The Muslim Brotherhood's New Challenges
Until now, the revolutionary changes witnessed in Egypt appear not to have disrupted the processes that the transatlantic alliance views as most vital. Egypt's political transition remains orderly; its commitments to its international obligations, including the Peace Treaty with Israel, remain solid; and there has been no evidence of its intention of exporting Islamism, Iranian Revolution-style. Indeed, inside Egypt, it is hard to locate any sign of Islamist triumphalism. The Islamists, it seems, understand that their victory is not one for their ideology. Yet, this apparent equilibrium is precarious, and can be disrupted by both alarmism and complacency.
At face value, the ascent of Muhammad Mursi, a leading figure of the Muslim Brotherhood, to the presidency of Egypt ought to be viewed as a momentous victory, and a major milestone in the history of the country and the movement. While Egypt boasts seven millennia of history as a nation-state, Mursi is its first head of state elected in free and fair elections. Founded in 1928, the Muslim Brotherhood has been ostracized and persecuted for many decades before gaining the credibility and public support that allowed its candidate to win the title of president. Yet, this political rags-to-riches story overshadows the political maneuvers and circumstances that made this rise possible. Furthermore, the exact powers of the presidency remain ill-defined, and are severely checked by the over-riding force of the military.
The revolution of January 25, 2011 that ultimately resulted in the presidency of Mursi was neither ignited nor led by the Muslim Brotherhood. The young, progressive, often liberal, protestors whose energy brought an end to the autocracy of Hosni Mubarak lacked the organizational structure to properly compete in the subsequent phases. The revolutionary momentum was instead ushered by the military establishment into a transition that satisfies some of the demands of the protestors, while ensuring that the military's interests and influence are protected. In the process, deep schisms were revealed in Egypt's political culture between segments of the population yearning for change and others fearing the chaos that it might entail, as well as between those expecting the change to unfold within the framework of universal values and those attempting to root it in religious legacy. While the Muslim Brotherhood had historically been the champion of the latter view, its ideological stands are today challenged both from the right (by the Salafist movement, itself facing serious bifurcations), and from the left (by hybrid propositions attempting a fusion between religion and liberalism). Even internally, the Brotherhood faces often overlapping doctrinal, generational, and regional tensions through which the authority of the dogmatic old guard is contested by pragmatic decentralizing currents.

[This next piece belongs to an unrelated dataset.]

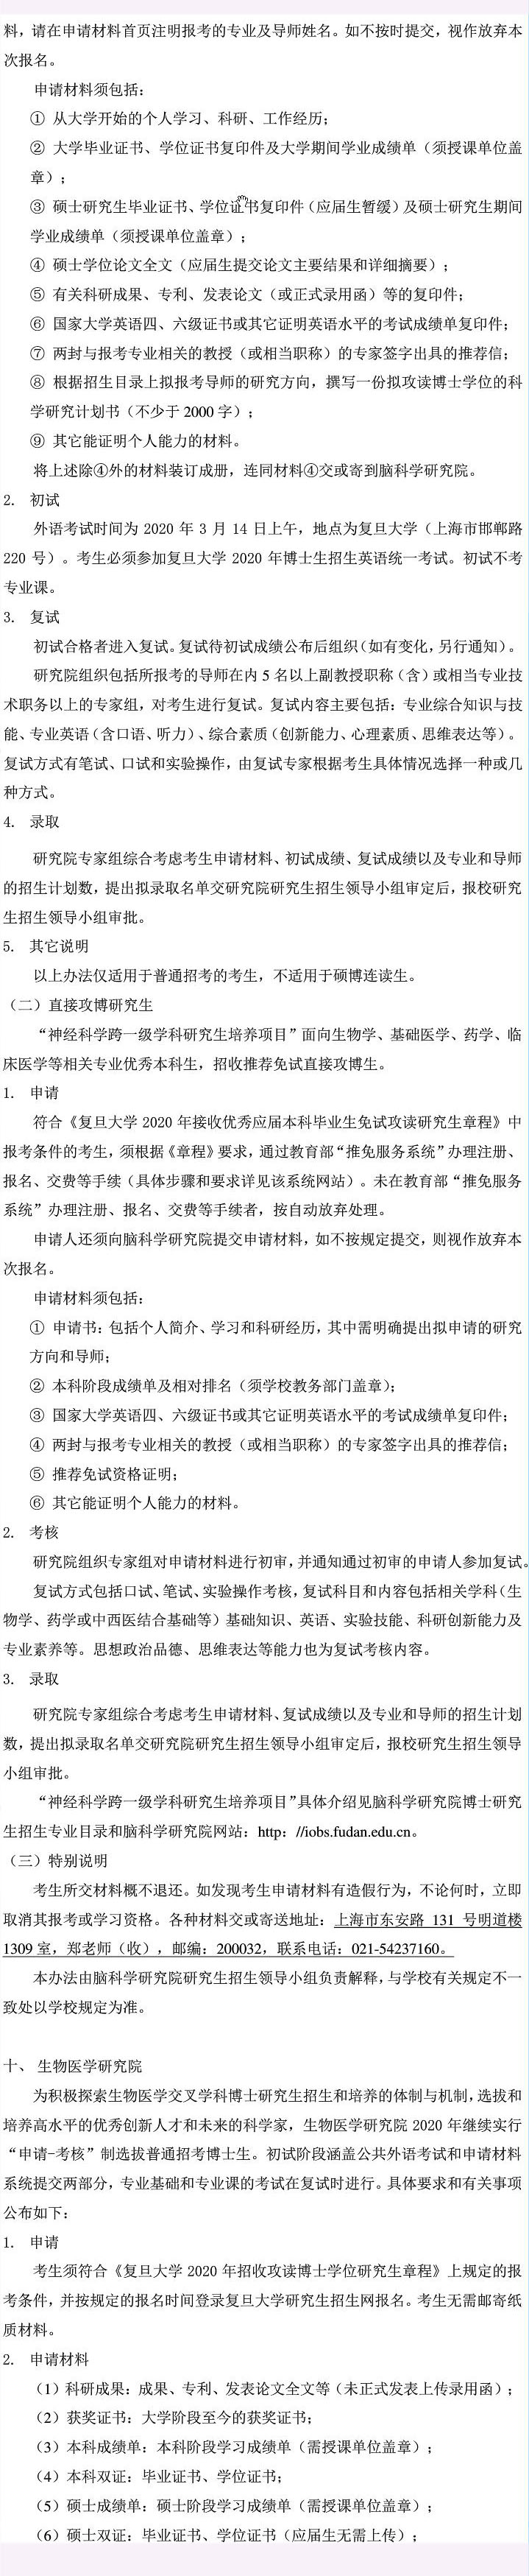 复旦大学医学院2020年博士研究生招生简章

The choice of Muhammad Mursi as the Brotherhood's nominee was informed by these challenges. A respected leading figure of the movement, Mursi was nonetheless not its front-runner, but was instead thrust forward by circumstances and compromises. Some feared that Mursi would diligently enable the Brotherhood's leadership to assume a stealth role of custodianship over the political process. This leadership had already broken successive public promises: not to aim for a majority in parliament (which it did, and came close to achieving), not to monopolize the formation of the constitutional committee (which it attempted), and not to seek the presidency (which it succeeded in securing, albeit with a slim margin).
Brotherhood leaders have ready explanations for their repeated course changes. What their detractors portray as abject deceit, they describe as honest reconsiderations in a murky political environment that might otherwise stunt their fair representation. In fact, the Brotherhood has duly displayed its lack of savvy in navigating a political process in which it is indeed a novice. The external and internal pressures to which the Brotherhood is subjected seem to have pushed the organization to a consistently reactive, often impulsive, mode of behavior. While its behavior may improve with practice, the belief that they seek an organizational stranglehold over the Egyptian presidency may be unwarranted.
While Egypt has undoubtedly taken a historic turn in the past few months, its democratic revolution is far from settled. Instead, it seems today to be in the custody of two competing primary actors - the military establishment and the Muslim Brotherhood - neither of which is a natural proponent of liberal democracy, but neither of which is able to secure the country entirely on its own terms. It is through this stalemate that secondary actors have the opportunity to widen the space for an evolutionary transition to democracy. This process is evidently an internal Egyptian one; a multi-level engagement of all parties by the transatlantic alliance is however an important component to reduce the volatility of a high-stake process for Egypt, the region, and the world.